If you want to cook classic Swiss food at home, here are simple recipes in English for the most popular dishes in Switzerland. I explain special ingredients and techniques so you can replicate these dishes in your kitchen anywhere in the world. My hope is that you can recall happy memories in the Swiss alps by cooking this food for your own family. En guete!
Classic Swiss Recipes
I don’t claim to be an expert on traditional Swiss cooking methods. But I have the outsider perspective, knowing what non Swiss need to know to cook Swiss food. I’ve learned in the kitchens of Swiss friends and I also worked part-time for 8 years cooking at a Swiss community center café, where I learned recipes from the other cooks.
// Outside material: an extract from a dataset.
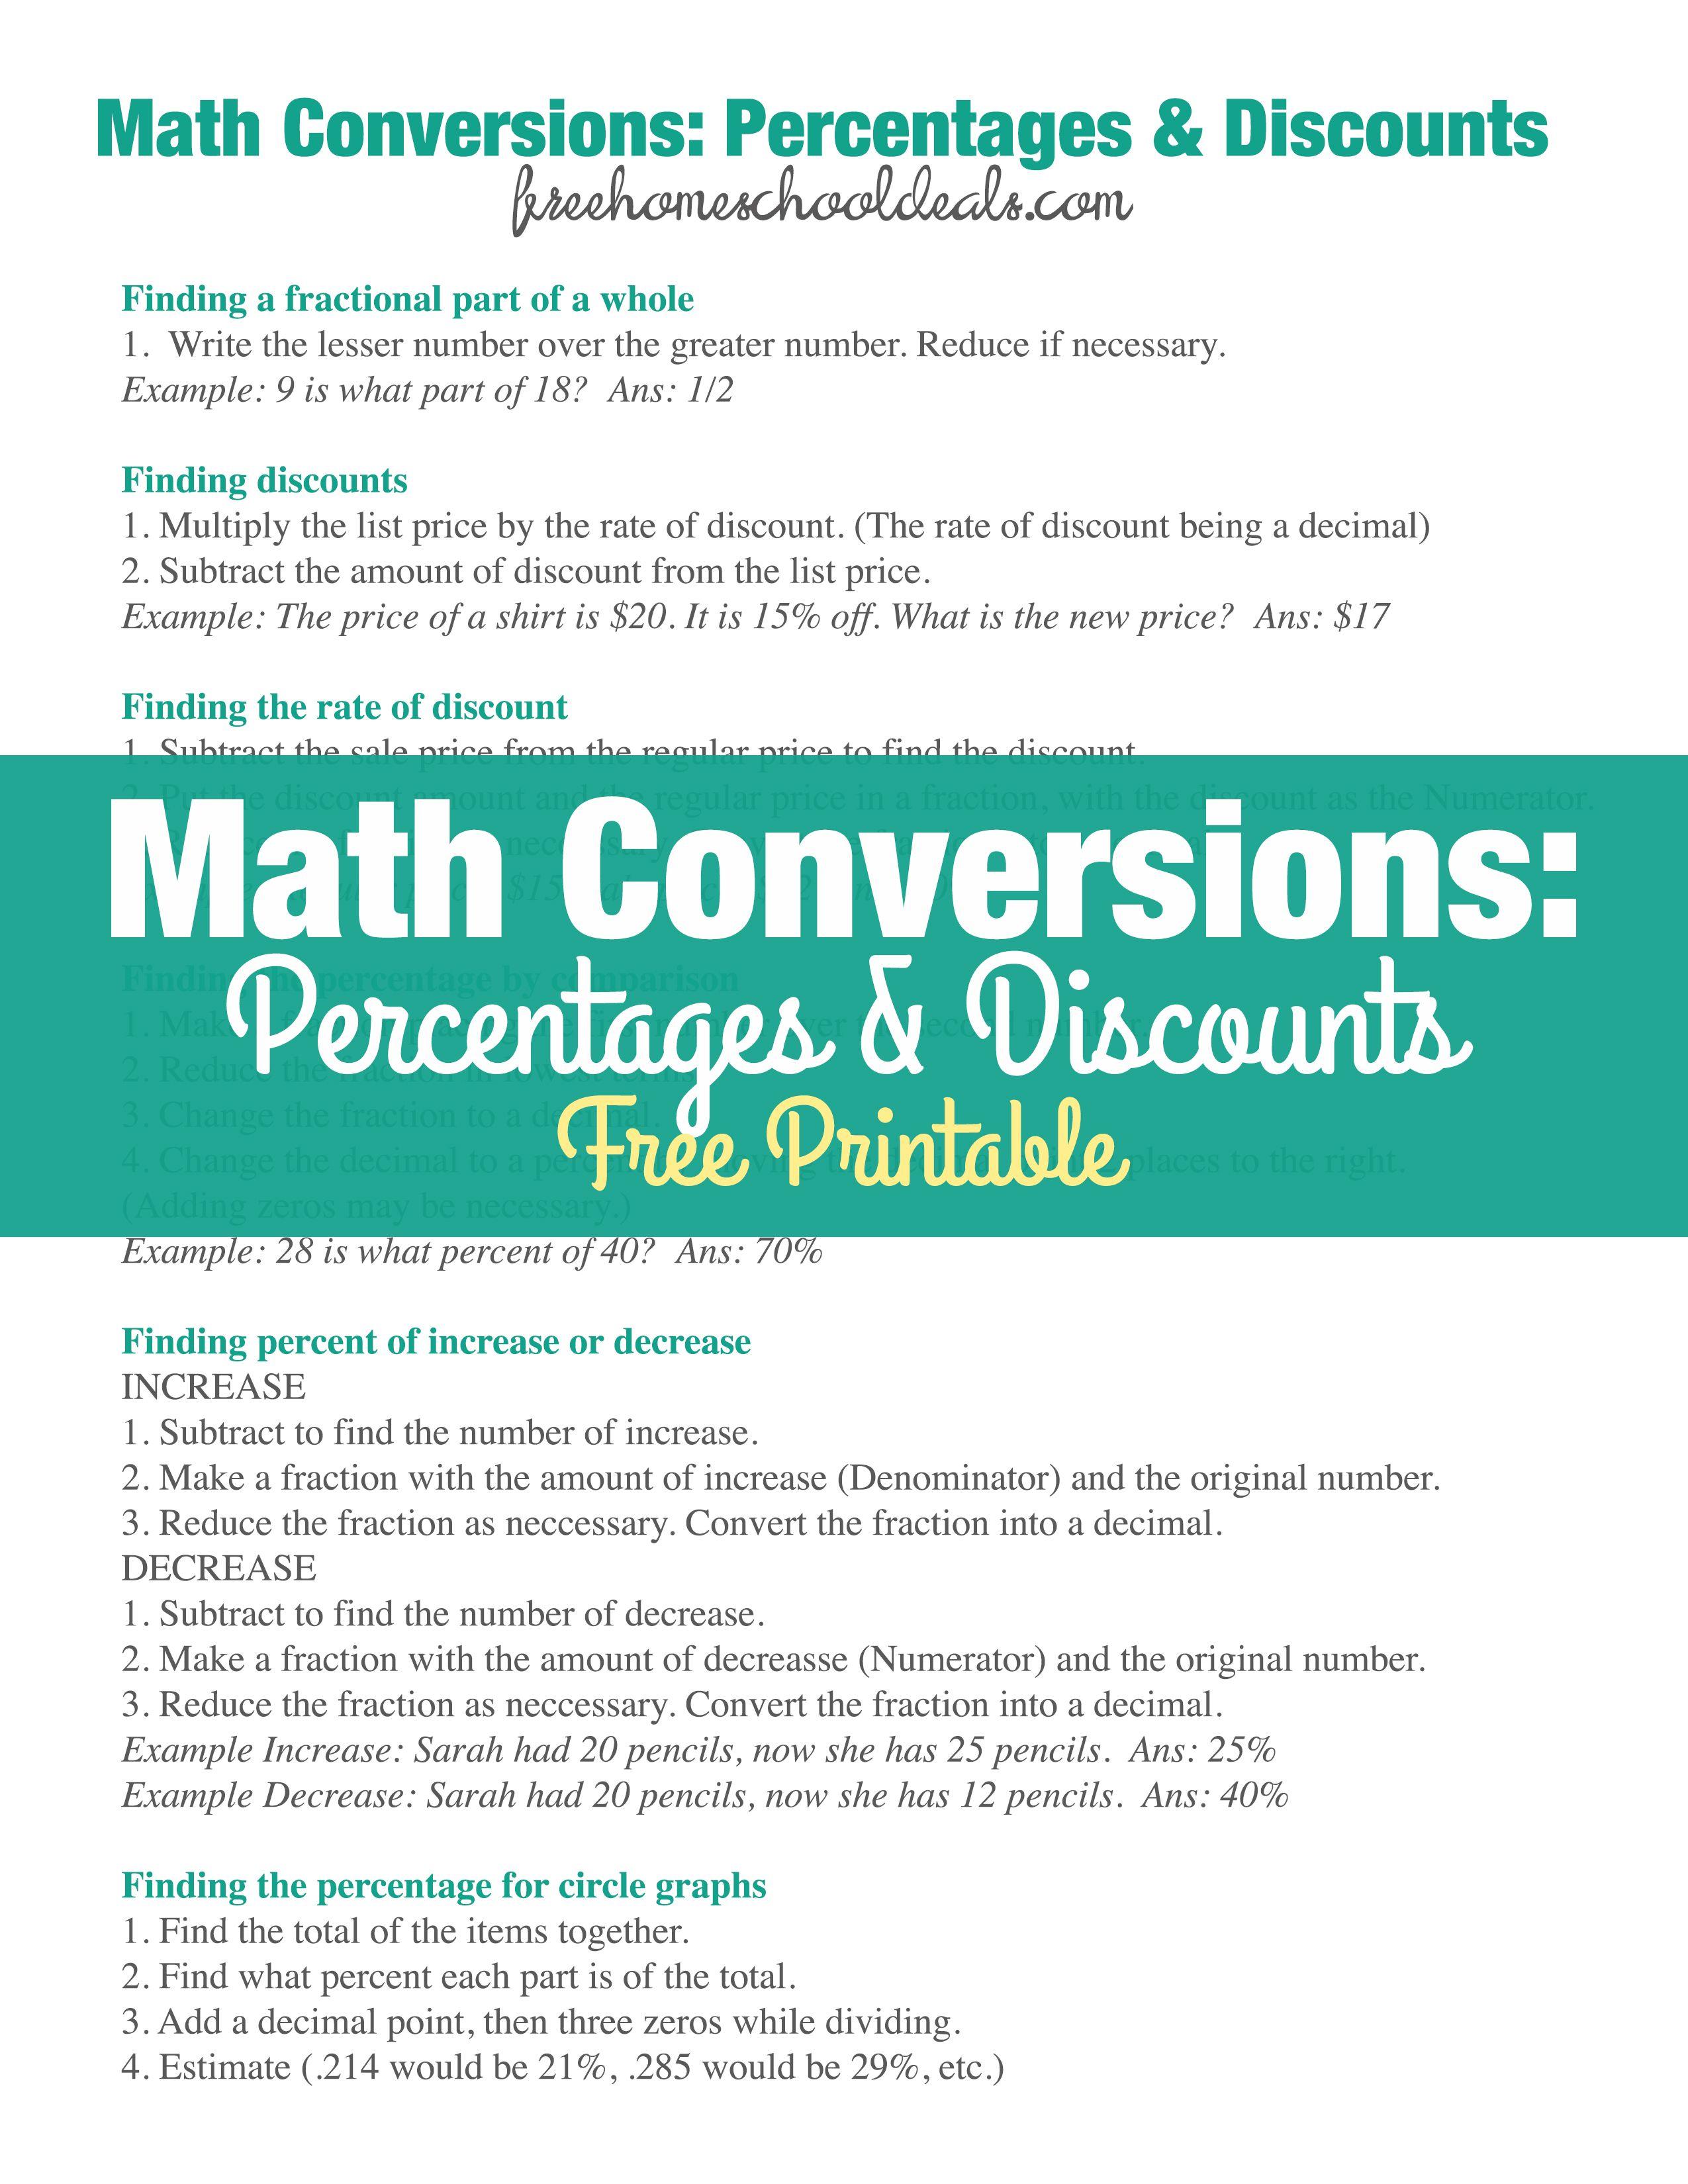 Free Math Conversions Percent Amp Discounts Printable Cheat

Now I can make my kids’ favorite Swiss food they’ve eaten at mountain huts and friend’s homes.
My goal here is to give you enough info to recreate a tasty version of these classic dishes at home, not necessarily the most authentic (in some cases, awkward and antiquated) version of the recipe. I hope you have fun and eat well.
Swiss Cooking Blogs
Here are a few websites we like, that focus on Swiss recipes. These have been great resources for me in my Swiss cooking journey. Thank you!
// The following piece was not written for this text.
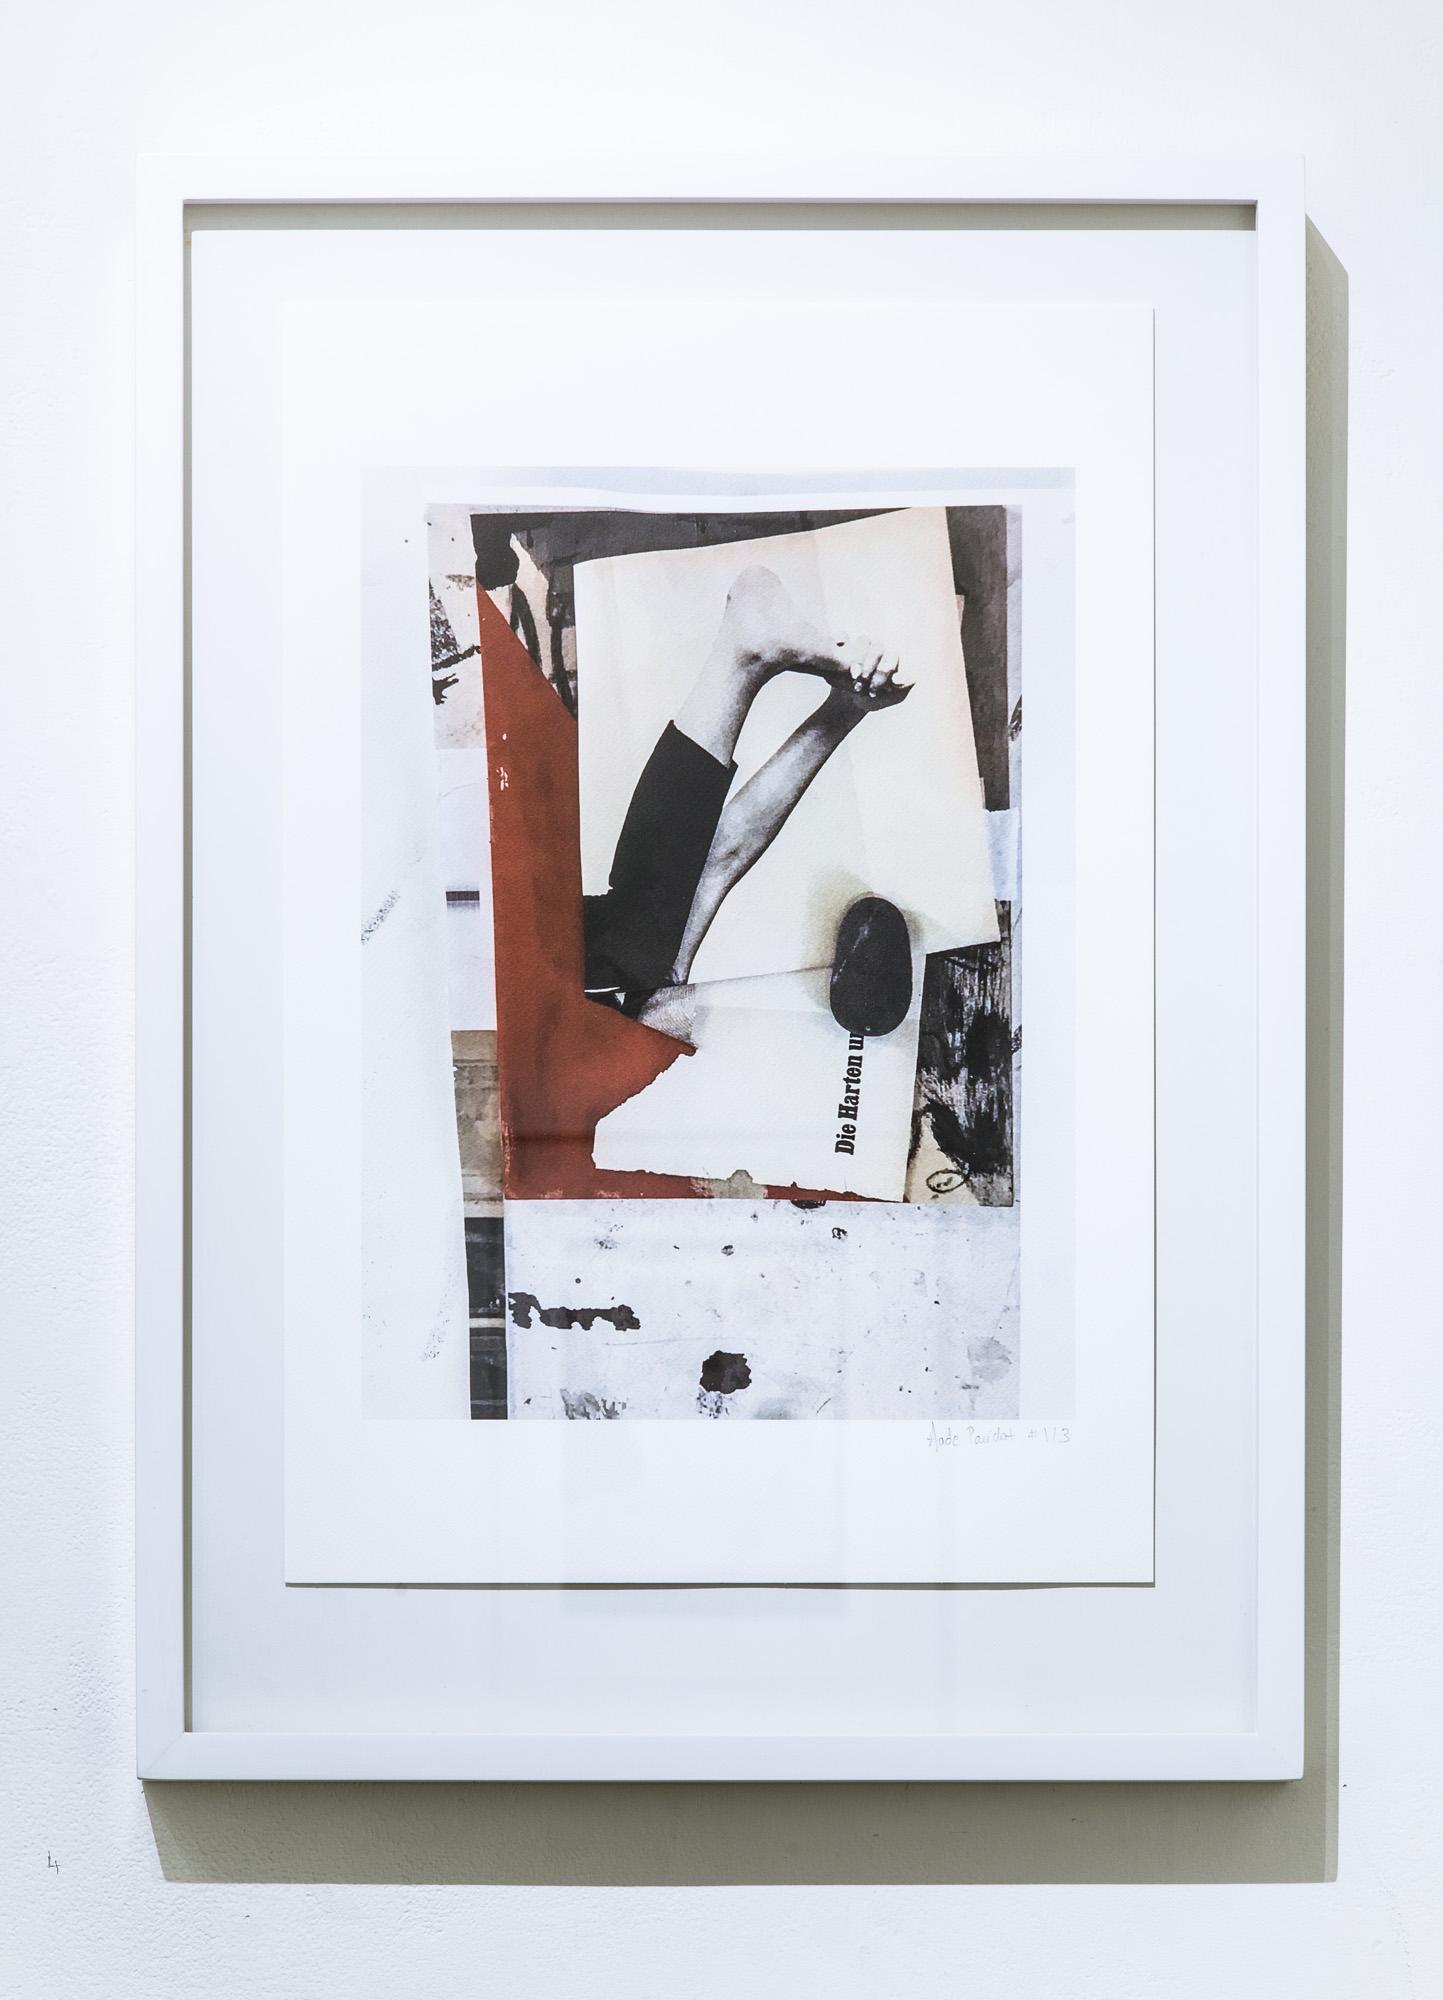 """Backbone"", Ultra-chrome archival pigments print on aquarelle paper 44cm x 61cm, 2017, Edition of 3 +1AP"

- Helvetic Kitchen – also author of Swiss Cookies
- Little Zürich Kitchen
- Cuisine Helvetica – also the author of the Swiss Bread book
- Betty Bossi (German only) – the Betty Crocker of Switzerland
Swiss Food in the alps
My Swiss cooking experience
Like many bloggers, I’m a self-taught hobby cook, obsessed with well-researched detailed recipes. After I moved to Switzerland, I found Swiss recipes extremely frustrating because the instructions are short, vague and imprecise. They assume you know a variety of cooking techniques, without explaining them or telling you when to use them.
When I cooked with my Swiss friends, I paid close attention to the things they did that weren’t in the recipes, things that were obvious to them but not to non Swiss cooks.
In 2012, I started cooking Wednesday lunch at the café in our neighborhood community center. Most Swiss kids don’t have school on Wednesday afternoons. So many community centers offer an inexpensive lunch for families.
I had eaten there for years with my own kids. Then I started helping out for free in the kitchen because I wanted to learn how to make Swiss & German food from the current cook. She taught me to make all sorts of traditional foods. One day I make 6 kg of spätzli, rubbing dough into boiling water for over an hour.
My favorite thing about cooking there was that the recipes were all very simple and no fuss, a stark contrast to my fussy detailed oriented American Cook’s Illustrated ways.
After a few months, the cook got another job and I took over. For the next 8 years, I cooked a mixture of Swiss classics and my own SoCal food including tacos. It was a great experience.